A novel by John Stewart. Shepheard-Walwyn, Ltd., London, 2008. Review by Lindy Davies.
What a nice thing to see! An impressively laid-out trade paperback with an imposing image of the White House on its cover: a novel about a US President who gets the “location value” bug and turns his citizens on to it! Due to the good offices of David Triggs, Director of the Henry George Foundation of Great Britain, colleagues at the recent Kansas City conference got free copies — and Mr. Triggs plans another trip to the States to promote the book.
Any Georgist’s review of a Georgist presentation must have limited value, to begin with. After all, we have spent so long making points that seem overwhelmingly obviously true, and have been so stridently ignored by so many people that, well, objectivity is really no longer a possibility for us. Recognizing that, though, I’ll offer a few cautious points about The President.
It’s not Tolstoy, but it’s not bad. Its characters aren’t fully fleshed-out psychological creatures, but they’re recognizable and likable enough. The novel seems rather deliberately simple, as if aimed at a general, almost pulp-style readership; it seems an ideal book for airport bookshops, something to be picked up for idle entertainment on the way home from a business trip. It does not affect any inside knowledge of how people talk and think in the “West Wing,” but rather stays in the reader’s comfort zone of stereotypical impressions. That’s a decision that makes sense, it seems to me, and the book gains strength from it. It’s a fantasy, a “thought experiment” — and it takes itself just seriously enough to draw the reader in. (Or at least, I hope so; like I said, I’m already convinced, so what do I know?)
Somehow John Duncan, the President of the United States, a moderate Democrat, manages one morning to disguise himself in a baseball cap and elude the US Secret Service, to take an unescorted walk and experience a Moment of Clarity. He is soon discovered by panicky agents, of course, and the media have much fun with this wayward behavior. Duncan’s moment snaps him out of his deeply circumspect habits of thought. It falls to his affable, muscular chauffeur, Harry Roberts, a crypto-Georgist, to give him the message he was destined to hear.

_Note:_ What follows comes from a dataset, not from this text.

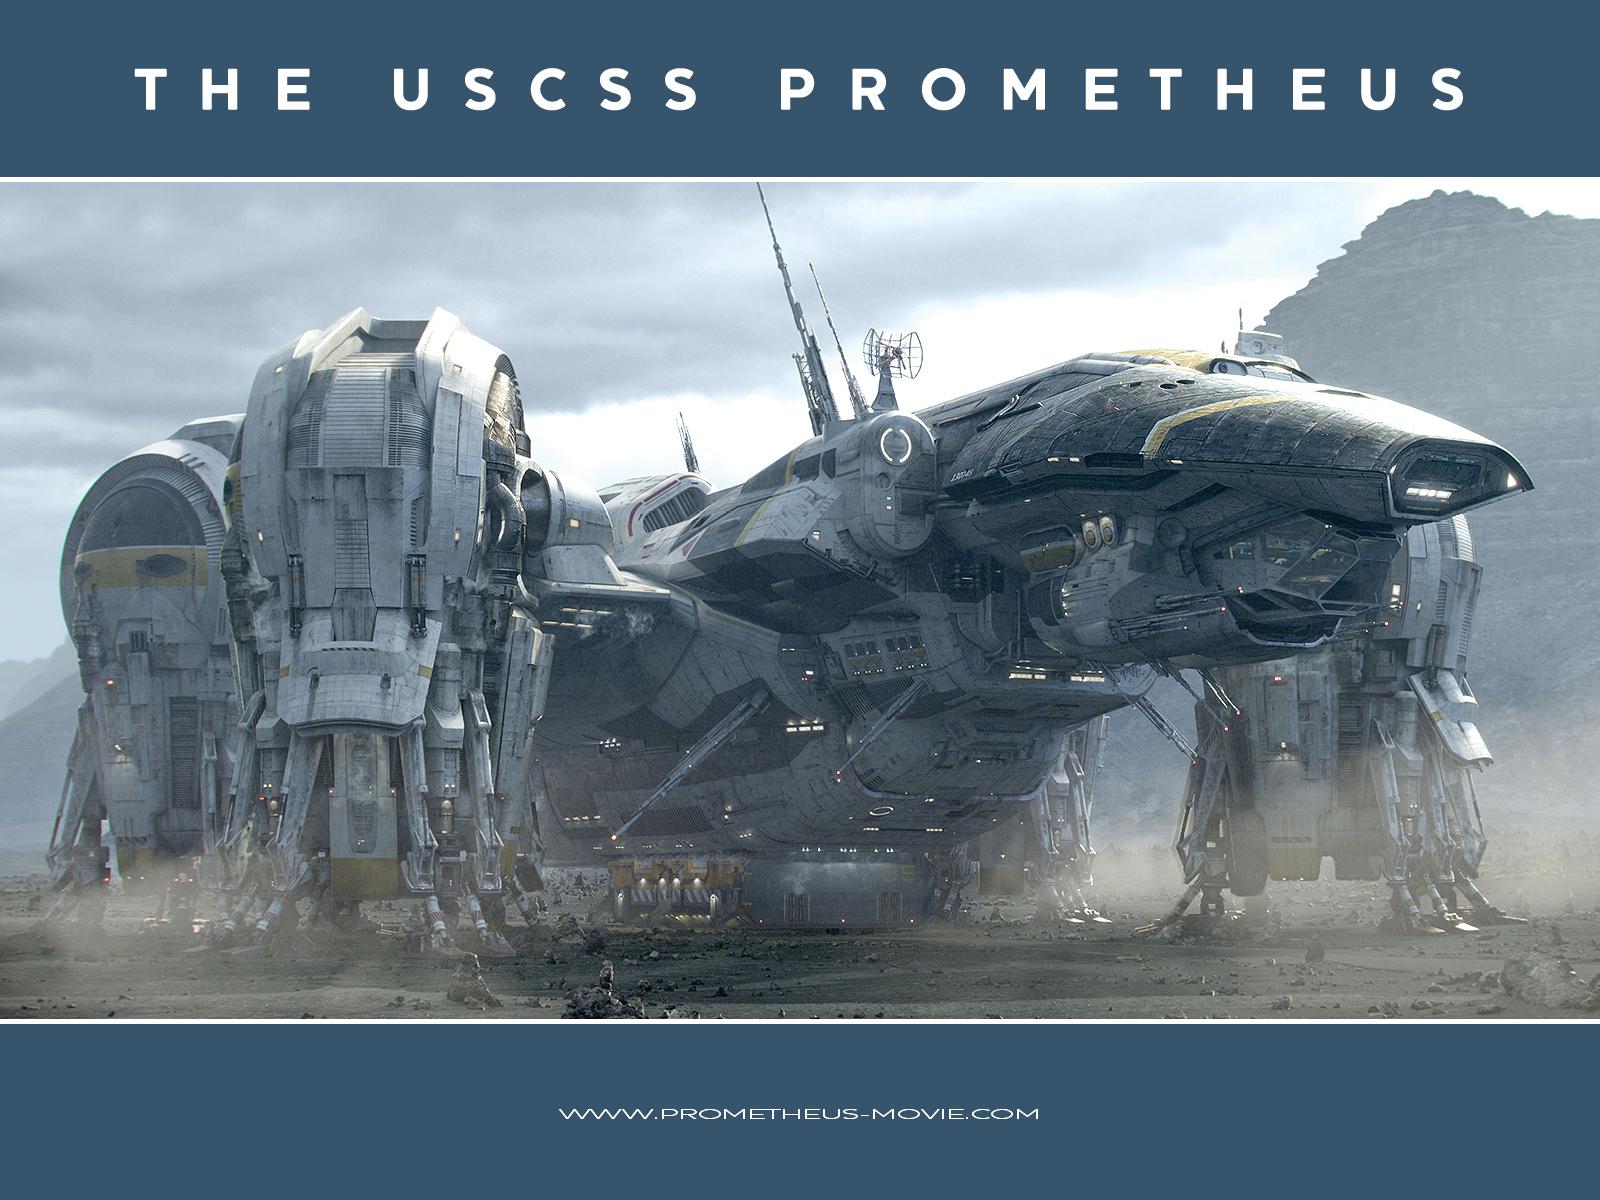 http://3.bp.blogspot.com/-YzzLGcIqcPQ/T8y_zBdYS0I/AAAAAAAABvw/o1lyM2j6JbE/s1600/Prometheus+Ship+1600+x+1200+01.jpg

The novel could have used some editing. One thing that’s a little off-putting is the characters’ tendency to use characteristically British expressions. They cuss like Americans, yes, but they talk about cock-ups, people rabbit on about things, situations hot up; all, alas, rather British. Another sour note is the book’s tendency to equate real estate investment with criminal behavior; every unsavory character, including the oddly obsessed rock star Glit Jones, is a land speculator.
But, such small problems proved less and less annoying as the story unfolded, and, about two-thirds of the way through, I found myself rather in the grip of a page-turner. That can’t be a bad thing. There’s a hostage crisis, an affably forward-thinking British PM, a love story starring a sweet-voiced British journalist (who quietly charms the American people), and a worldly-wise corporate magnate who sees the cat and starts telling the world about location value. Not a bad read, all in all.